Exercise directions:
Output the whole listing with nothing altered.

————

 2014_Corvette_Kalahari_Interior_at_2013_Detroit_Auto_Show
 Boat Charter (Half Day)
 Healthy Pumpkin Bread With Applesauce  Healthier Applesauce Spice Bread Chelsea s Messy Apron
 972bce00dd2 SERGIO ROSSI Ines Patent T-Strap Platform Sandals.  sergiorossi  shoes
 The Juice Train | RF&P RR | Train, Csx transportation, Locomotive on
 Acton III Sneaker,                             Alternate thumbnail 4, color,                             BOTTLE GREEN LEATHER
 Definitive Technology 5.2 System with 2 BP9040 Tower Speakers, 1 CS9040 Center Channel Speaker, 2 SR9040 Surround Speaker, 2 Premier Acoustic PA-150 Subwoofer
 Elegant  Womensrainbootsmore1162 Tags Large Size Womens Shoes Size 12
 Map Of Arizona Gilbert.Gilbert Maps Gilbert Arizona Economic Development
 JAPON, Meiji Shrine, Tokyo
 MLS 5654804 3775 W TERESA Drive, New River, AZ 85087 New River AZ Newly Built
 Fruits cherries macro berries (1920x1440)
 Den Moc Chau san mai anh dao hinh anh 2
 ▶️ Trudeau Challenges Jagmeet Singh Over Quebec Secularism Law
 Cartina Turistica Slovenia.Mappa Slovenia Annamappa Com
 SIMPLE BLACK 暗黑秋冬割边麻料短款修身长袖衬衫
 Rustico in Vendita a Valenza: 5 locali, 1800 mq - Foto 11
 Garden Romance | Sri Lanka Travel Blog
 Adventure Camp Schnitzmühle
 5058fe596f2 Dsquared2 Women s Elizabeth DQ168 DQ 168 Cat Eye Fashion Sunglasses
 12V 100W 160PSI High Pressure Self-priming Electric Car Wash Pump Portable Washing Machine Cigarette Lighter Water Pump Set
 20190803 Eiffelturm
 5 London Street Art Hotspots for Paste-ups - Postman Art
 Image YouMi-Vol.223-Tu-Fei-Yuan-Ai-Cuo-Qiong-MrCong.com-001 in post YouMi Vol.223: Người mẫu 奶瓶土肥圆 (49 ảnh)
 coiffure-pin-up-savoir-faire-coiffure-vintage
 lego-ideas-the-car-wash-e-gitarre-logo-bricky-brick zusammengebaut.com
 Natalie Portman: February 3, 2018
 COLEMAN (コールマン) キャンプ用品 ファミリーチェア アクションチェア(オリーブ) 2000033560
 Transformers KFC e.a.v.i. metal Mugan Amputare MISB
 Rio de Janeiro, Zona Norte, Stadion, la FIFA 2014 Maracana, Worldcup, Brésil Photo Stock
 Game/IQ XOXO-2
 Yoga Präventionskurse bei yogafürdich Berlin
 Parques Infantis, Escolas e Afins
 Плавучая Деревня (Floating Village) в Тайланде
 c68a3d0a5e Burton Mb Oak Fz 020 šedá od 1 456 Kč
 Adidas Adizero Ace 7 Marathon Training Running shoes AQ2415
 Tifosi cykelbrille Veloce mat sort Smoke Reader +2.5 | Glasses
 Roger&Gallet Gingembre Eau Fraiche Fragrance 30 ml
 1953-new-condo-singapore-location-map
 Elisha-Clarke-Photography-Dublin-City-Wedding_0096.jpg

————

Finished exercise:
 2014_Corvette_Kalahari_Interior_at_2013_Detroit_Auto_Show
 Boat Charter (Half Day)
 Healthy Pumpkin Bread With Applesauce  Healthier Applesauce Spice Bread Chelsea s Messy Apron
 972bce00dd2 SERGIO ROSSI Ines Patent T-Strap Platform Sandals.  sergiorossi  shoes
 The Juice Train | RF&P RR | Train, Csx transportation, Locomotive on
 Acton III Sneaker,                             Alternate thumbnail 4, color,                             BOTTLE GREEN LEATHER
 Definitive Technology 5.2 System with 2 BP9040 Tower Speakers, 1 CS9040 Center Channel Speaker, 2 SR9040 Surround Speaker, 2 Premier Acoustic PA-150 Subwoofer
 Elegant  Womensrainbootsmore1162 Tags Large Size Womens Shoes Size 12
 Map Of Arizona Gilbert.Gilbert Maps Gilbert Arizona Economic Development
 JAPON, Meiji Shrine, Tokyo
 MLS 5654804 3775 W TERESA Drive, New River, AZ 85087 New River AZ Newly Built
 Fruits cherries macro berries (1920x1440)
 Den Moc Chau san mai anh dao hinh anh 2
 ▶️ Trudeau Challenges Jagmeet Singh Over Quebec Secularism Law
 Cartina Turistica Slovenia.Mappa Slovenia Annamappa Com
 SIMPLE BLACK 暗黑秋冬割边麻料短款修身长袖衬衫
 Rustico in Vendita a Valenza: 5 locali, 1800 mq - Foto 11
 Garden Romance | Sri Lanka Travel Blog
 Adventure Camp Schnitzmühle
 5058fe596f2 Dsquared2 Women s Elizabeth DQ168 DQ 168 Cat Eye Fashion Sunglasses
 12V 100W 160PSI High Pressure Self-priming Electric Car Wash Pump Portable Washing Machine Cigarette Lighter Water Pump Set
 20190803 Eiffelturm
 5 London Street Art Hotspots for Paste-ups - Postman Art
 Image YouMi-Vol.223-Tu-Fei-Yuan-Ai-Cuo-Qiong-MrCong.com-001 in post YouMi Vol.223: Người mẫu 奶瓶土肥圆 (49 ảnh)
 coiffure-pin-up-savoir-faire-coiffure-vintage
 lego-ideas-the-car-wash-e-gitarre-logo-bricky-brick zusammengebaut.com
 Natalie Portman: February 3, 2018
 COLEMAN (コールマン) キャンプ用品 ファミリーチェア アクションチェア(オリーブ) 2000033560
 Transformers KFC e.a.v.i. metal Mugan Amputare MISB
 Rio de Janeiro, Zona Norte, Stadion, la FIFA 2014 Maracana, Worldcup, Brésil Photo Stock
 Game/IQ XOXO-2
 Yoga Präventionskurse bei yogafürdich Berlin
 Parques Infantis, Escolas e Afins
 Плавучая Деревня (Floating Village) в Тайланде
 c68a3d0a5e Burton Mb Oak Fz 020 šedá od 1 456 Kč
 Adidas Adizero Ace 7 Marathon Training Running shoes AQ2415
 Tifosi cykelbrille Veloce mat sort Smoke Reader +2.5 | Glasses
 Roger&Gallet Gingembre Eau Fraiche Fragrance 30 ml
 1953-new-condo-singapore-location-map
 Elisha-Clarke-Photography-Dublin-City-Wedding_0096.jpg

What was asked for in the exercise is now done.